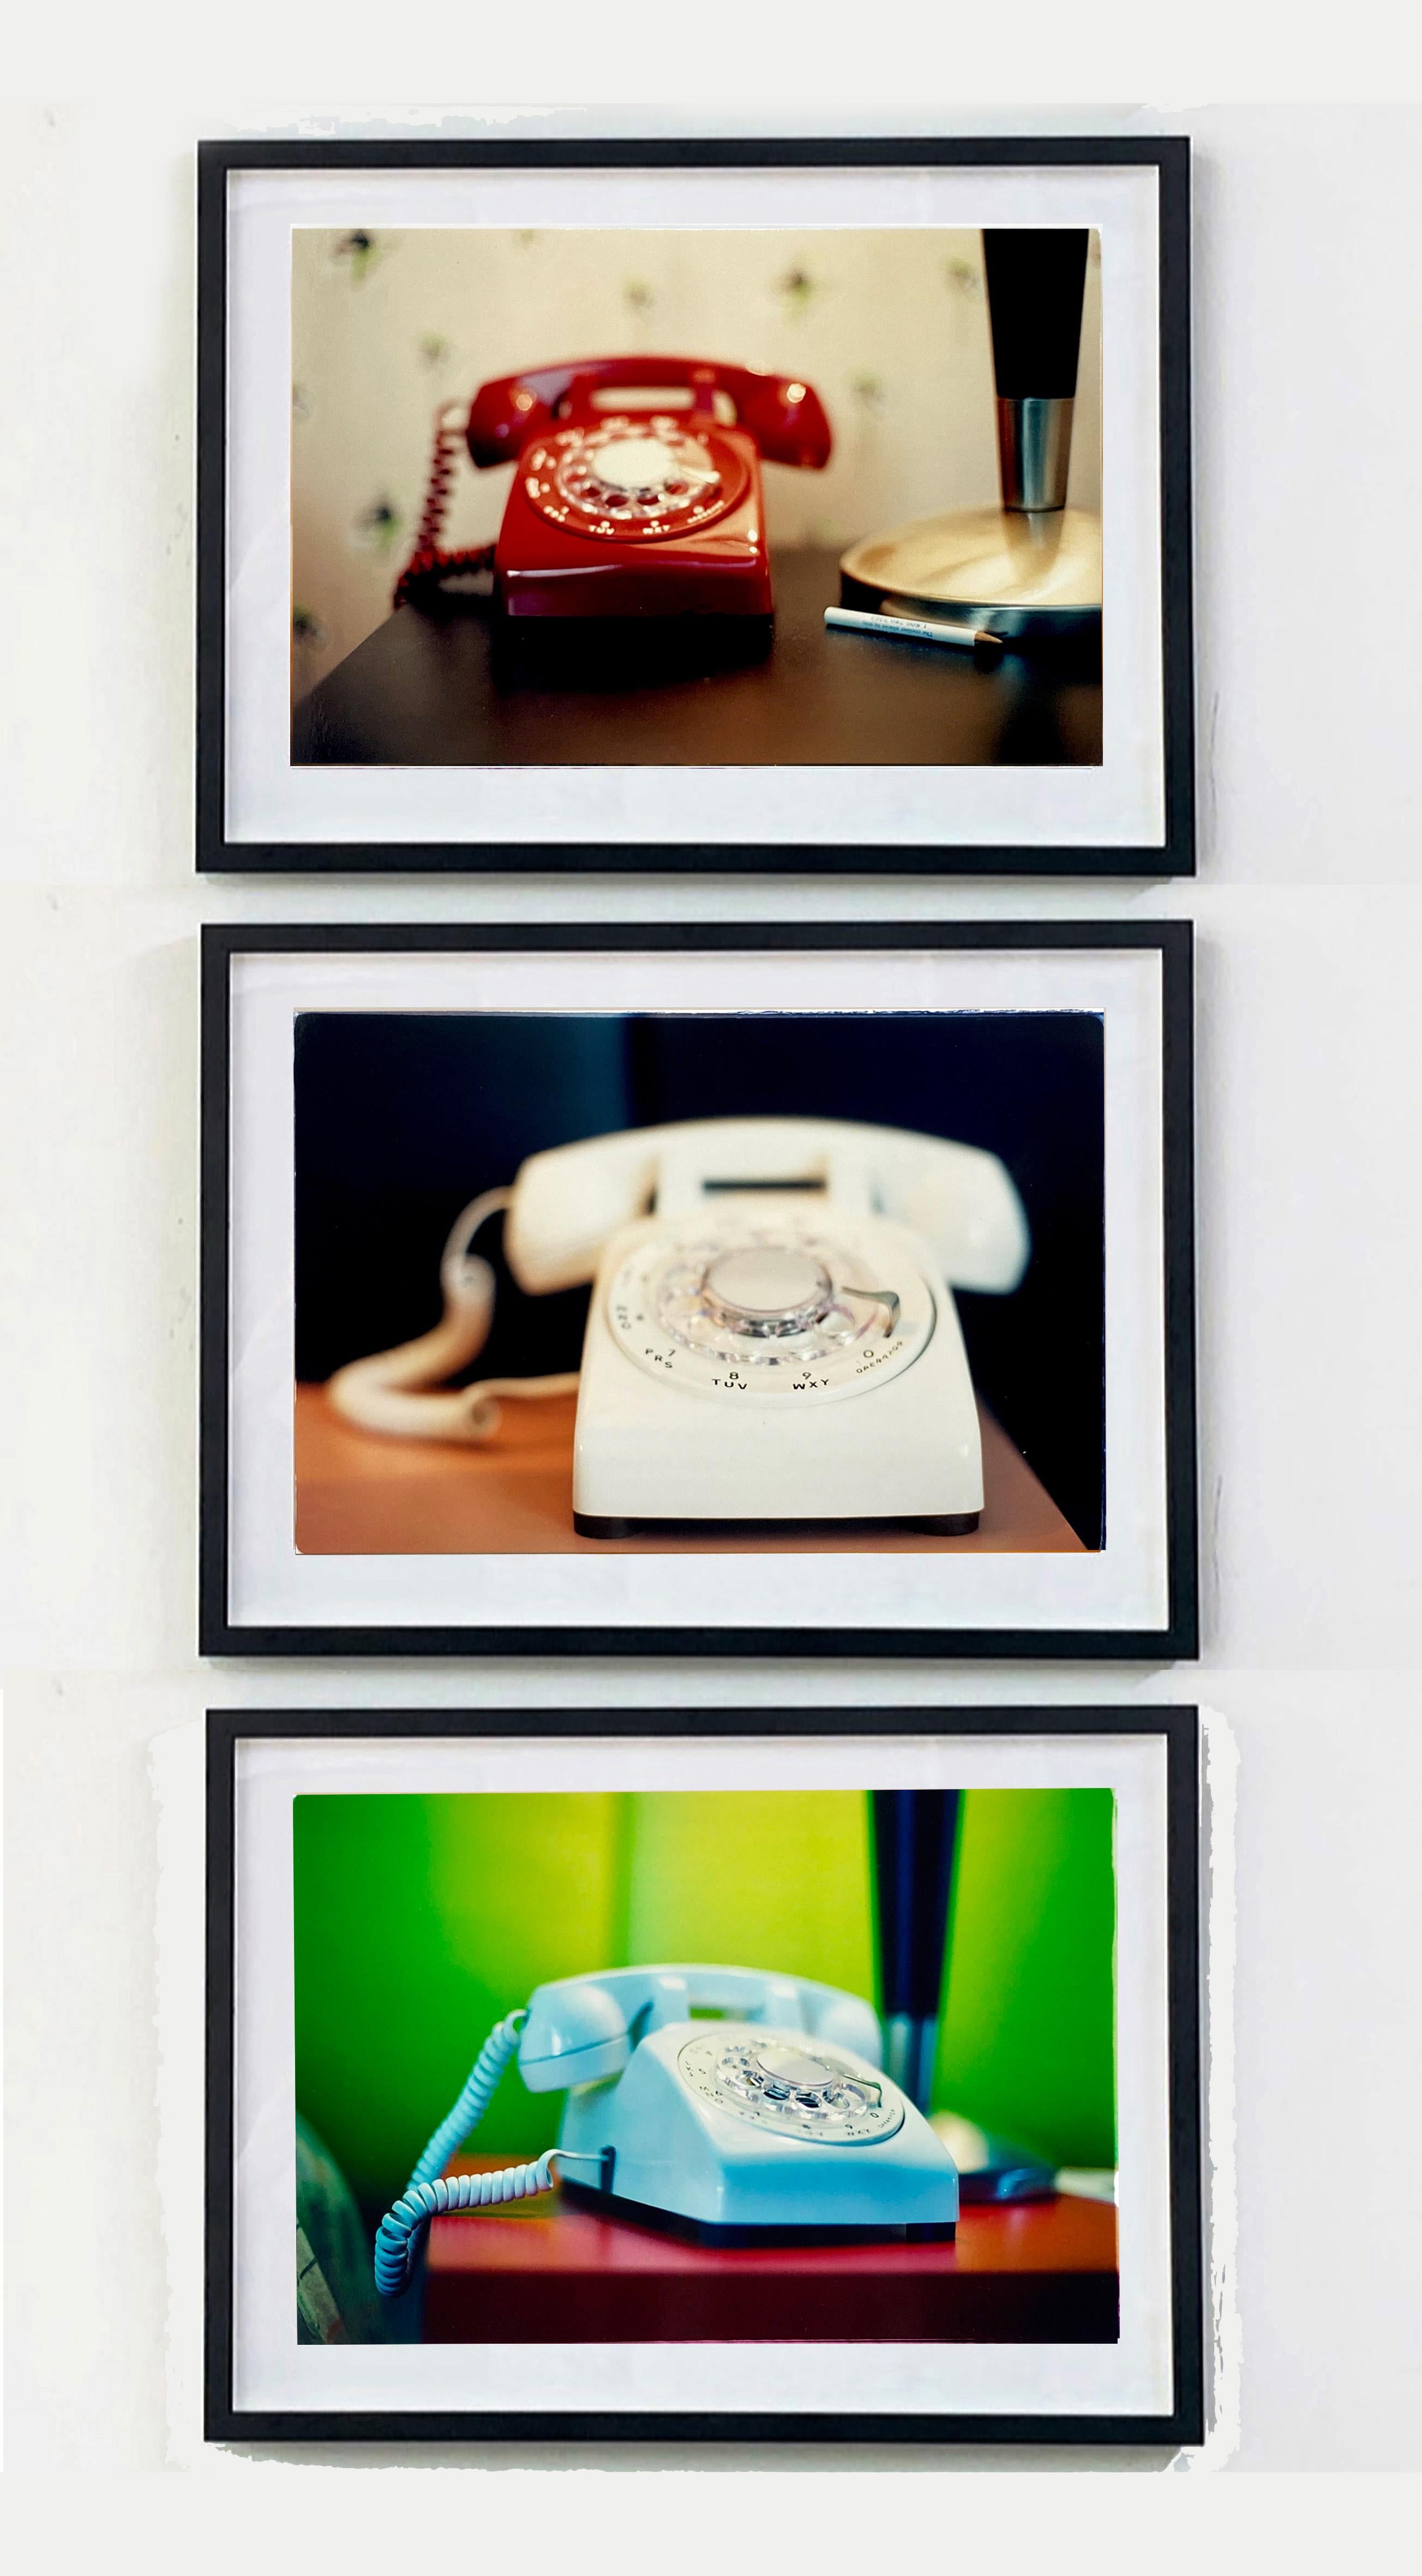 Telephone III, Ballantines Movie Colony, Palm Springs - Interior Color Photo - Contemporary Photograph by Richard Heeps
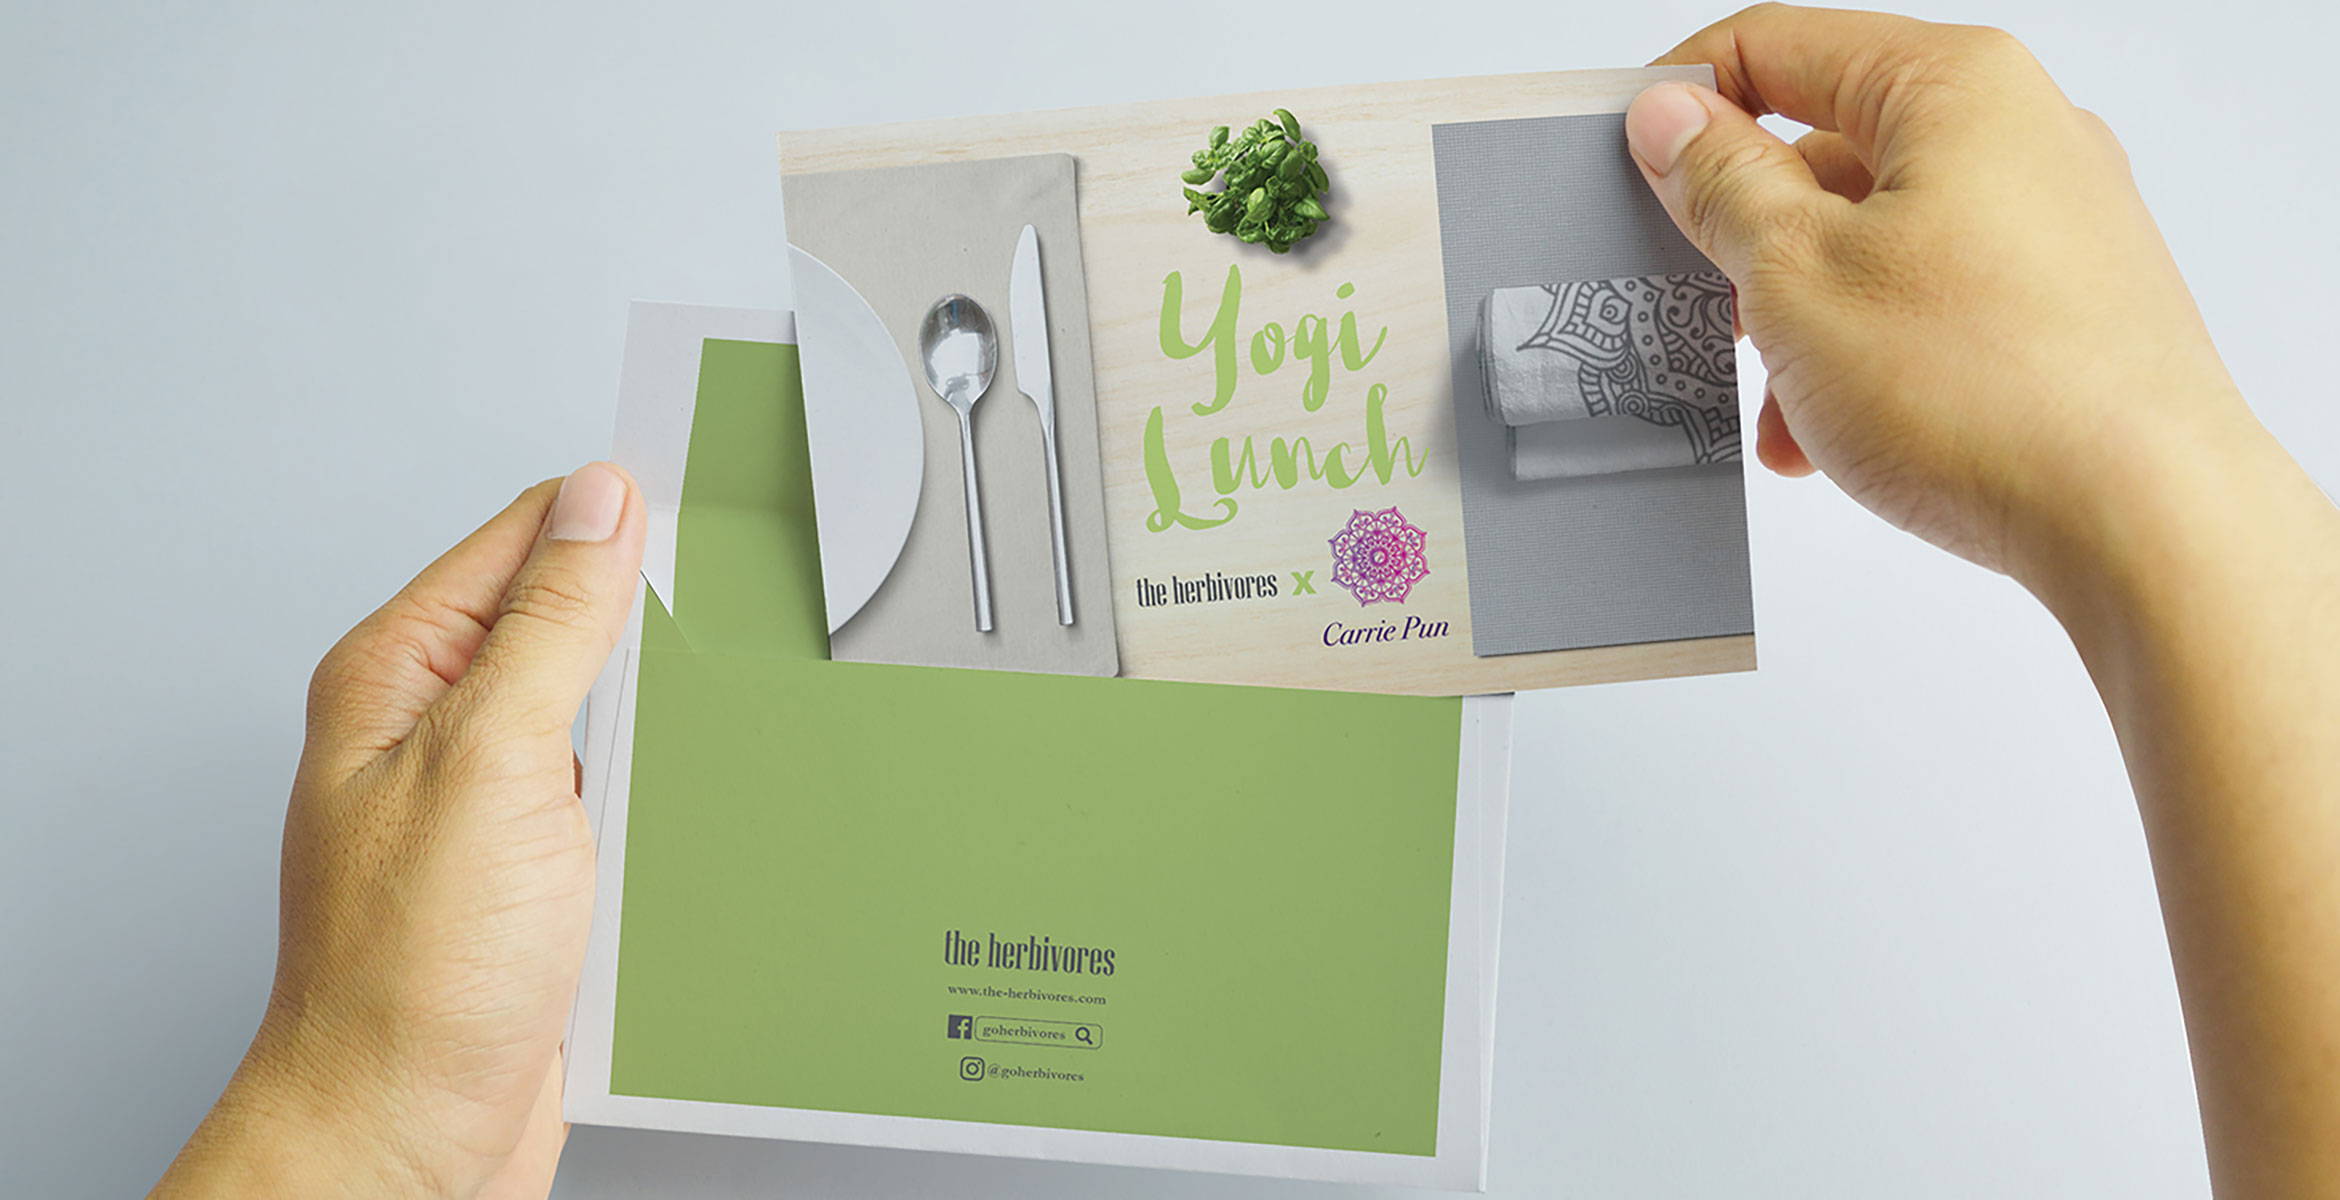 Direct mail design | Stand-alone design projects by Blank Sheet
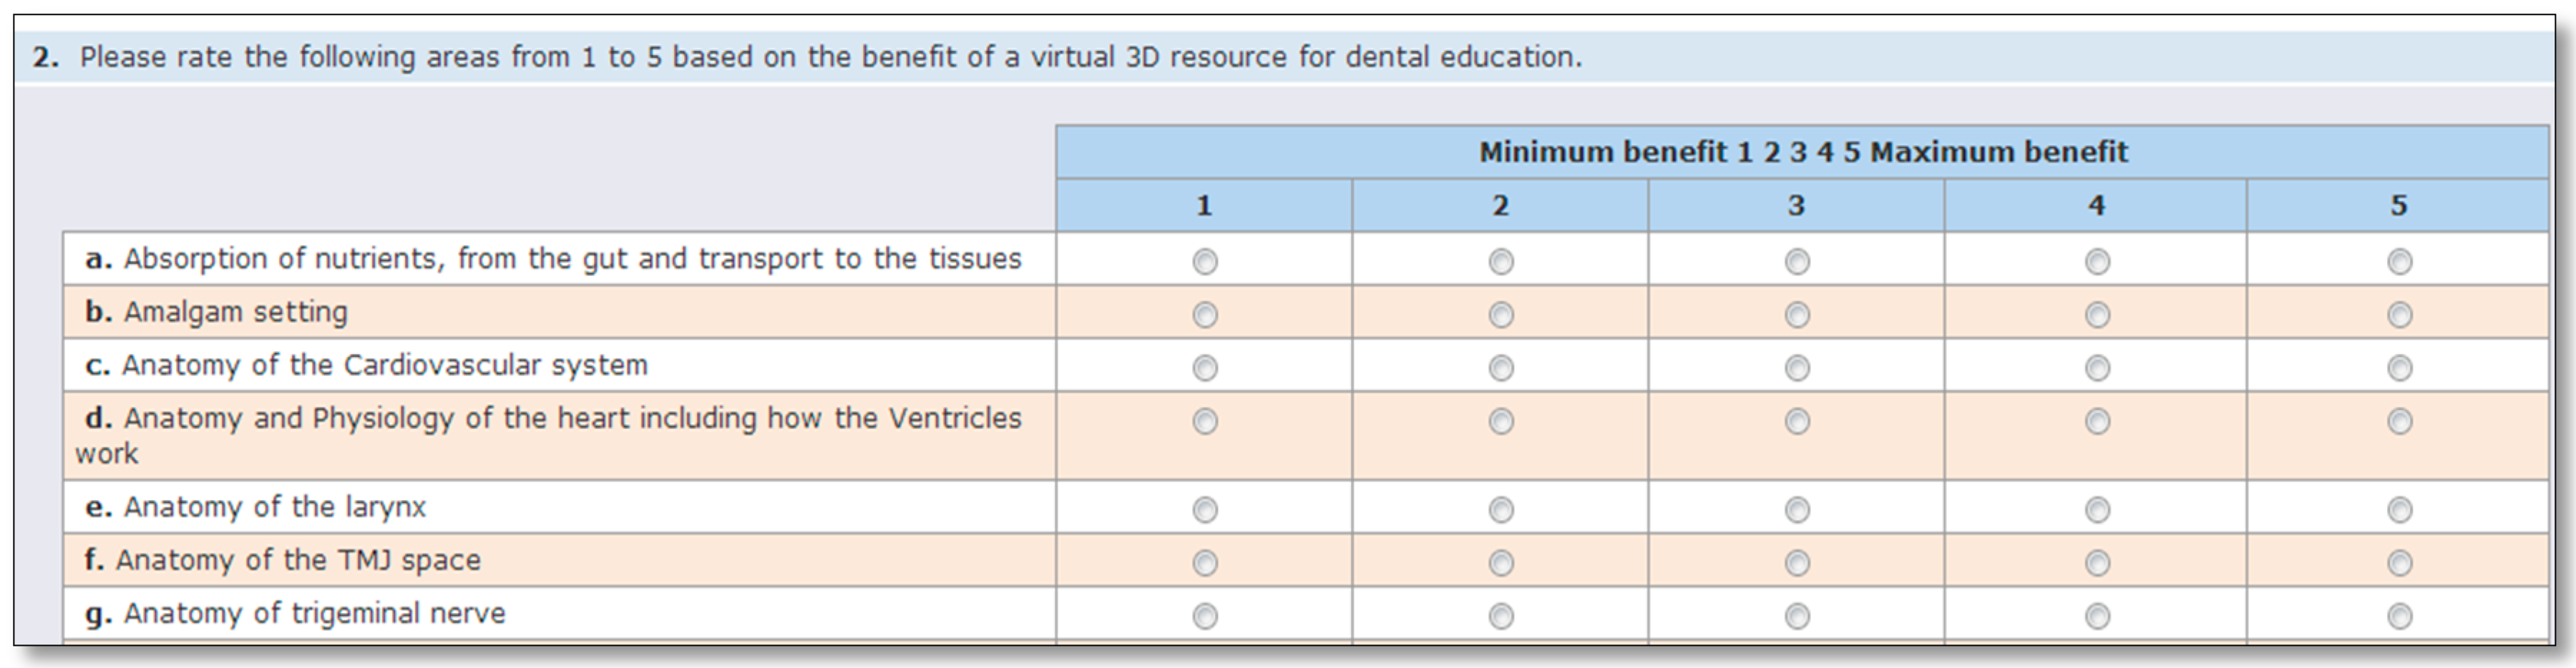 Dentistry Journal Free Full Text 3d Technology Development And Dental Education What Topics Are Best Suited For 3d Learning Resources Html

§

WHAT THIS TASK INVOLVES: The lines above should be transcribed exactly, with every image removed.

SOLUTION TO THIS TASK:
 Telephone III, Ballantines Movie Colony, Palm Springs - Interior Color Photo - Contemporary Photograph by Richard Heeps
 Direct mail design | Stand-alone design projects by Blank Sheet
 Dentistry Journal Free Full Text 3d Technology Development And Dental Education What Topics Are Best Suited For 3d Learning Resources Html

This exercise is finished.